Comment 10 ykzhao 2009-07-24 01:05:18 UTC
Hi, Christian
    Thanks for the test.
    It seems that it can be resumed correctly now. And OS won't complain the following warning message after applying the patch.
    >WARNING: at drivers/base/sys.c:411 sysdev_suspend+0x1f7/0x2b0()
Jul 15 20:13:03 athor kernel: Hardware name: Aspire 1510
Jul 15 20:13:03 athor kernel: Interrupts enabled after
cpufreq_suspend+0x0/0x110
    >WARNING: at drivers/base/sys.c:475 sysdev_resume+0x9f/0xb0()
Jul 15 20:13:03 athor kernel: Hardware name: Aspire 1510
Jul 15 20:13:03 athor kernel: Interrupts enabled while resuming system devices

    So this bug will be marked as resolved.
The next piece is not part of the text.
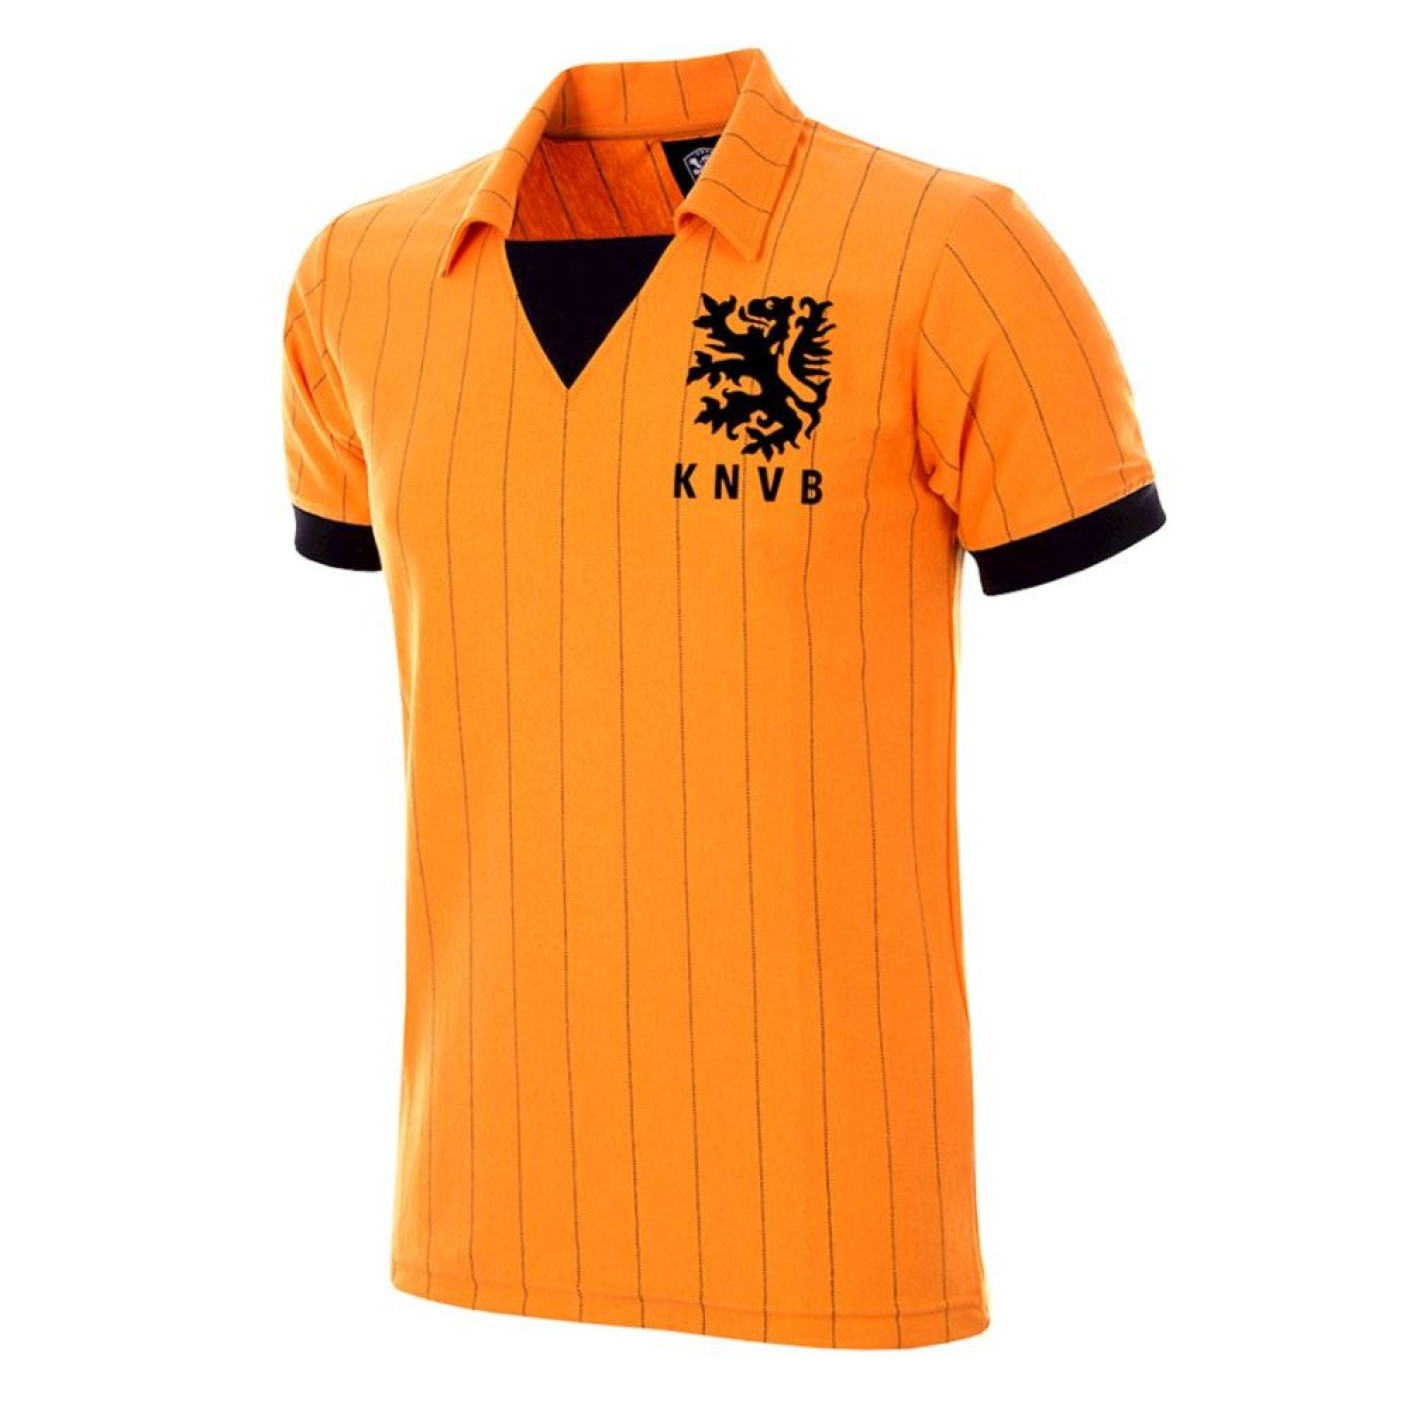 COPA Nederland 1983 Retro Football Shirt

And I will try to push the patch in comment #7.
    thanks.
Comment 11 Rafael J. Wysocki 2009-07-28 20:43:33 UTC
On Tuesday 28 July 2009, Christian Casteyde wrote:
> Still present in rc4, but a patch is pending for inclusion.
>
> Le dimanche 26 juillet 2009, vous avez écrit :
> > This message has been generated automatically as a part of a report
> > of recent regressions.
> > 
> > The following bug entry is on the current list of known regressions
> > from 2.6.30.  Please verify if it still should be listed and let me know
> > (either way).
> > 
> > 
> > Bug-Entry   : http://bugzilla.kernel.org/show_bug.cgi?id=13781
> > Subject             : System freeze at resume after suspend to RAM
> > Submitter   : Christian Casteyde <casteyde.christian@free.fr>
> > Date                : 2009-07-15 18:42 (12 days old)
Comment 12 Rafael J. Wysocki 2009-07-28 22:27:21 UTC
Handled-By : Zhao Yakui <yakui.zhao@intel.com>
Patch : http://bugzilla.kernel.org/attachment.cgi?id=22463
Comment 13 Rafael J. Wysocki 2009-08-05 11:48:55 UTC
Should be fixed by http://git.kernel.org/?p=linux/kernel/git/torvalds/linux-2.6.git;a=commit;h=4bc5d34135039566b8d6efa2de7515b2be505da8 .

Please reopen in case it's not fixed.